Mon accouchement, jour 5 : il est là !!!

0008876319V-849x565

Vers 8 heures, c’est intenable. Je m’apprête à réveiller mon homme pour lui dire d’appeler une sage femme quand Splash (clin d’œil à l’émission de la veille au soir, ironie quand tu nous tiens) ! Je viens de rompre la poche des eaux…

Mon homme, qui sort de son sommeil, met quelques secondes avant de réaliser ce qu’il vient de se produire. Il appelle de suite une sage femme. Il se passe un petit moment avant que quelqu’un ne vienne me voir. En effet, à 8 heures, c’est le moment du changement de personnel et donc des transitions. Tout le monde est occupé.

De mon côté, suite à la rupture de la poche des eaux, je sens que tout s’accélère et prend une ampleur qui me dépasse. Je ne suis que douleur (d’ailleurs je vomis à plusieurs reprises). Plus rien n’existe autour de moi.

Une sage femme vient m’ausculter.  Mon col est ouvert à deux. Voyant mon visage se déformé sous la douleur, elle prend la décision de me descendre en salle de naissance. Je suis installée sur un brancard. J’entends beaucoup d’agitation autour de moi mais ne parvient pas à discerner précisément les choses. Je me concentre sur la seule voix qui parvient à m’apaiser : celle de mon homme. Ayant été présent lors des séances de préparation à l’accouchement, il me guide en s’appliquant à faire les exercices de respiration avec moi. Je n’entends plus que lui. Durant les quelques secondes de répit que m’accordent les contractions, je tente de faire comprendre qu’il me faut la péridurale.

Je suis enfin en salle de naissance. Nous nous retrouvons seuls mon homme et moi sauf que … « IL EST LA !! » me mets je à hurler. Mon homme, complètement décontenancé, fait part de l’urgence de ma situation à l’équipe. Les sages femmes arrivent et s’appliquent à respecter le protocole : me changer de tenue, mettre leurs gants, masques, etc. Mais vous avez compris ce que je viens de dire bordel de mer** : je le sens, il est là !!! Je pense que mon statut de primipare ne m’a pas aidé. En effet, les sages femmes (sans doute coutumières des fausses alertes) prennent leur temps. Quand enfin une se décide à m’ausculter. En l’espace d’une heure, je suis passée d’un col ouvert à 2 à un col ouvert à 10. D’où l’intensité de la douleur…

Ca y est, enfin je suis prise au sérieux. Tout le monde s’affole autour de moi.

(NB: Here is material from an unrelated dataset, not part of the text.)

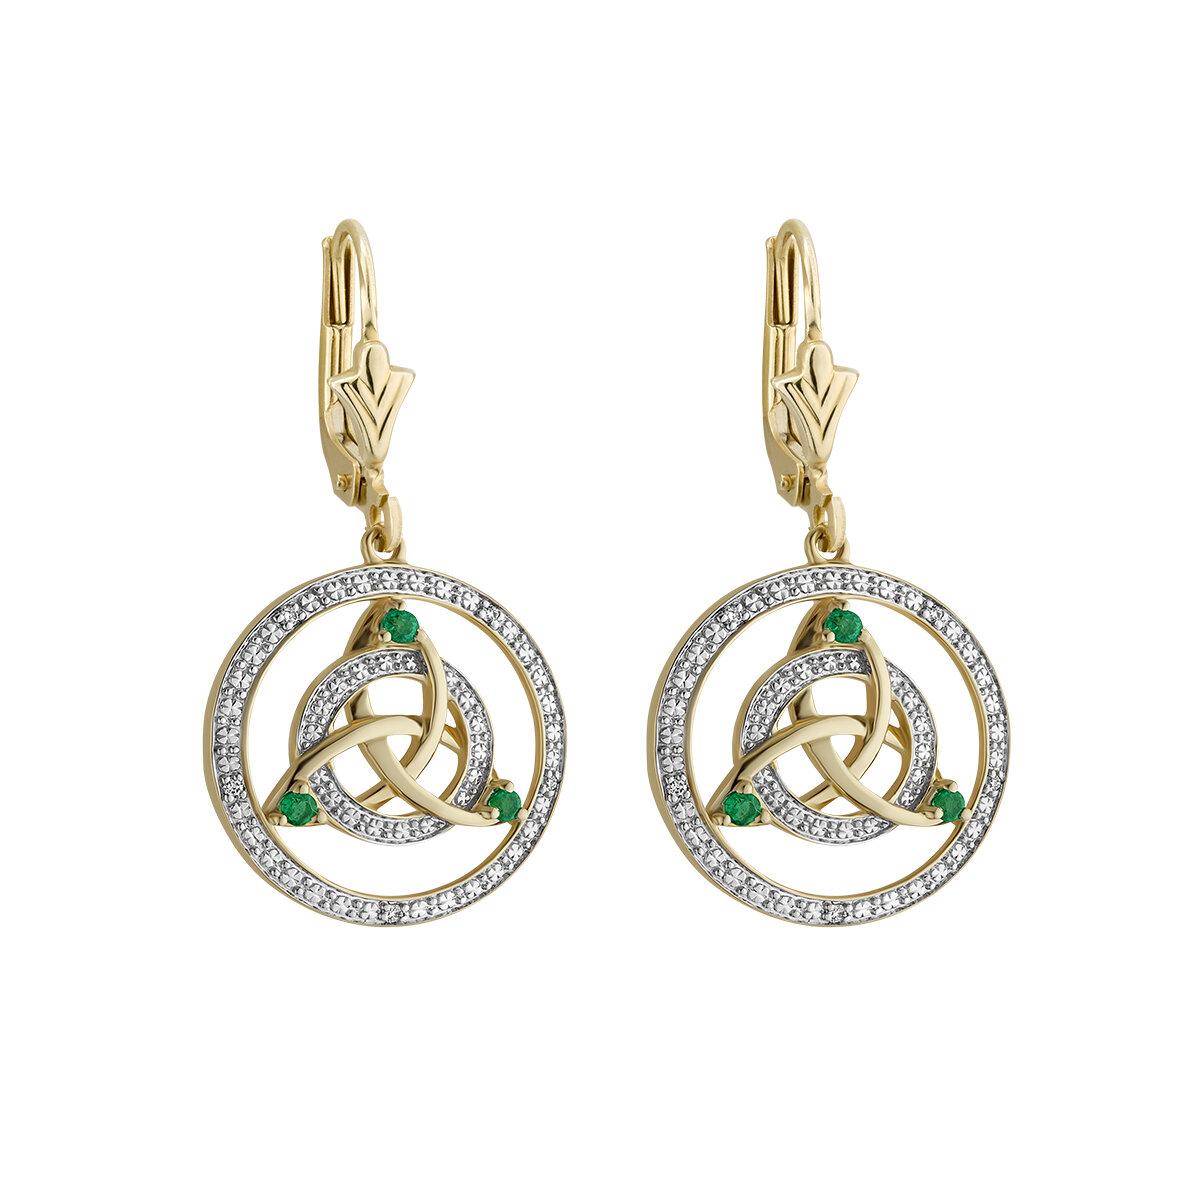 14K White & Yellow Gold Diamond & Emerald Celtic Knot Drop Earrings s34112 from Solvar

On tente de m’installer pour la poussée. Dans la précipitation, tout se fait « à l’arrache ». Il me faut accepter l’idée que je vais devoir accoucher sans péridurale. Au point où j’en suis…

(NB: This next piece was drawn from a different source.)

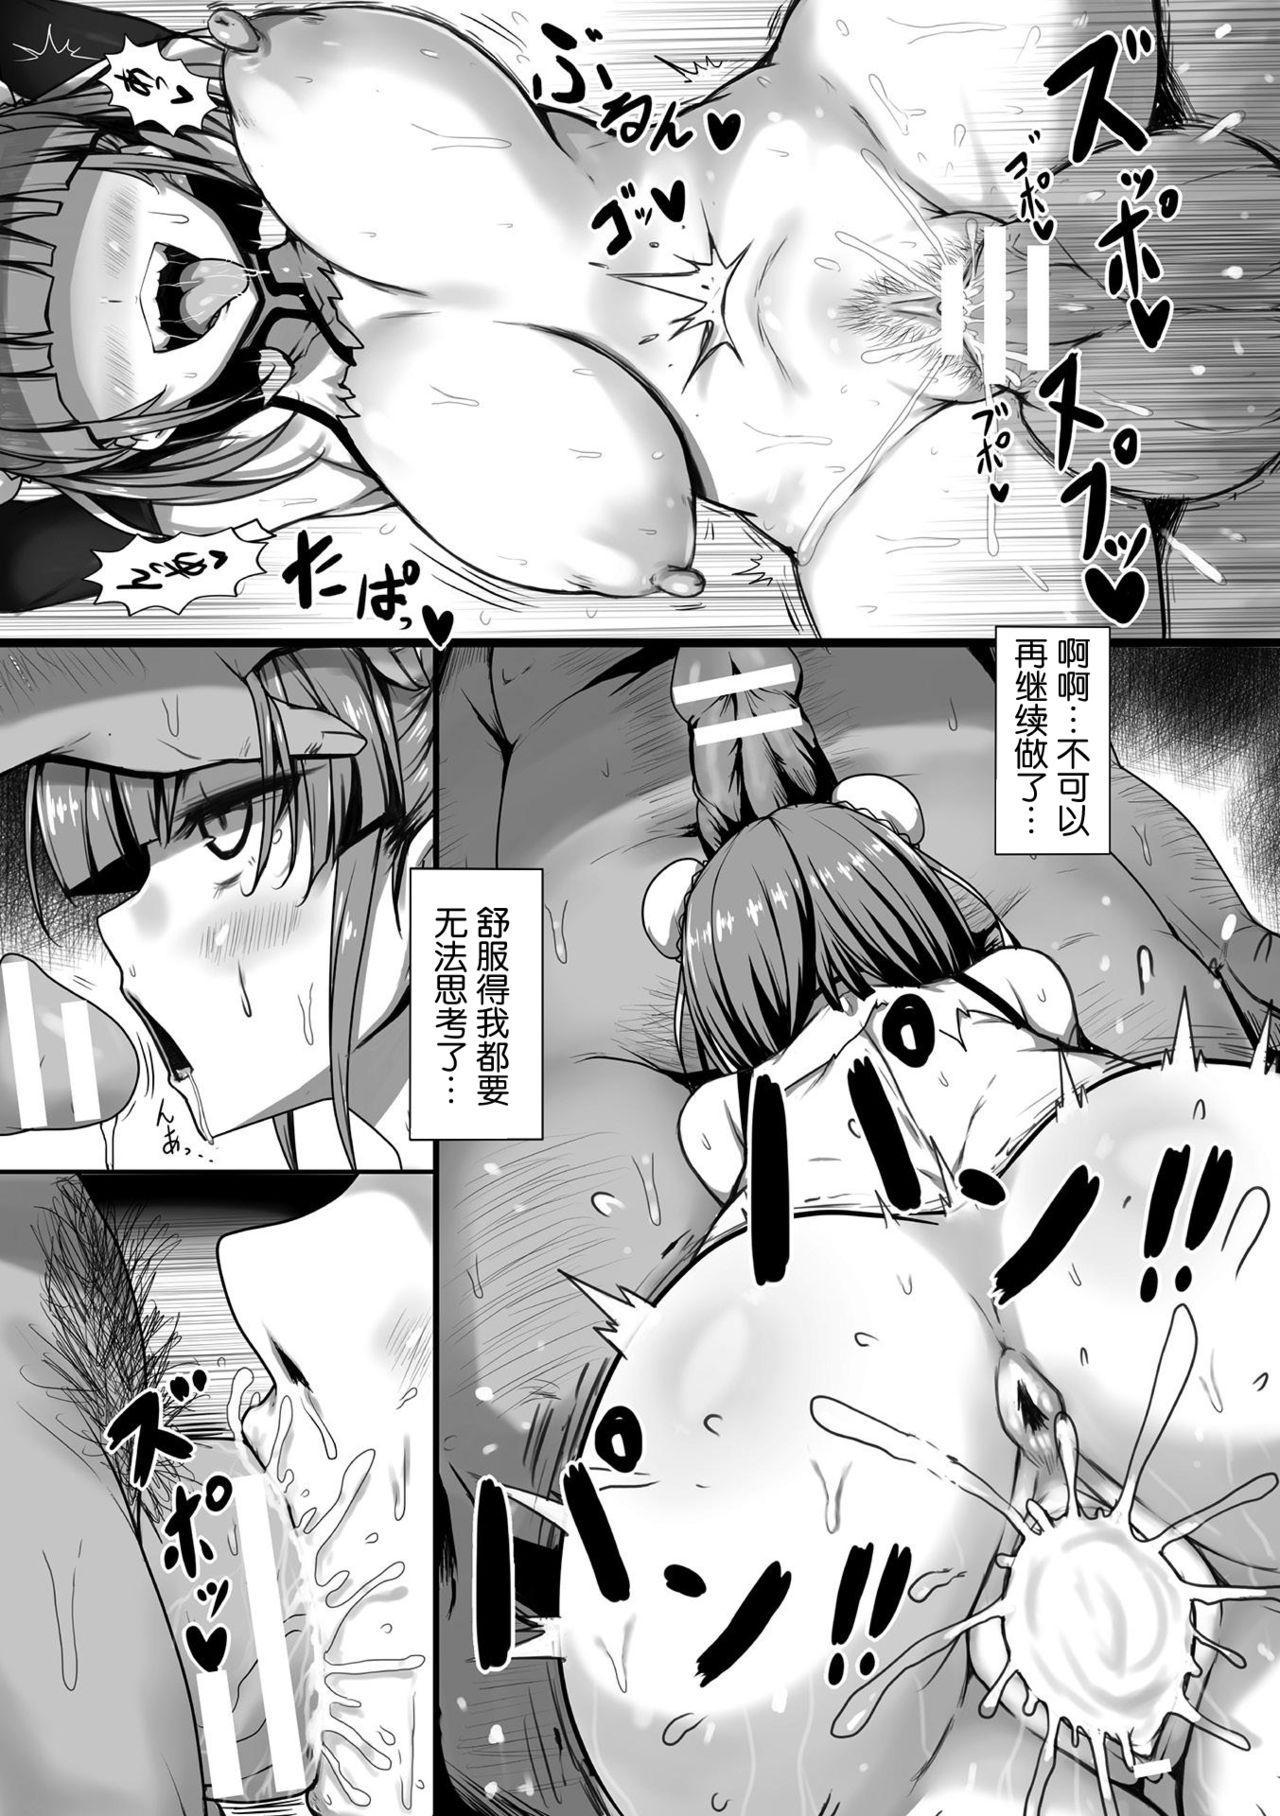 2D Comic Magazine Zecchou Kairaku ga Tomaranai Ero-Trap Dungeon Vol. 1 20

C’est parti ! Il me faut pousser. Les contractions ne me laissent plus aucun répit. Tout va très vite, trop vite. Le monito installé à mes côtés ne fait que bipper. Visiblement, bébé et moi supportons très mal la vitesse à laquelle se déroulent les choses. A un moment, je tombe dans les vapes. Je sais que c’est parce que je suis en hyperventilation. Néanmoins, rétrospectivement, je me demande si ça n’est pas mon cerveau qui a eu besoin d’une pause. Durant ce bref instant, je me sens bien, je me sens légère. J’entends des voix au loin tentant de me ramener à la réalité mais c’est trop dur.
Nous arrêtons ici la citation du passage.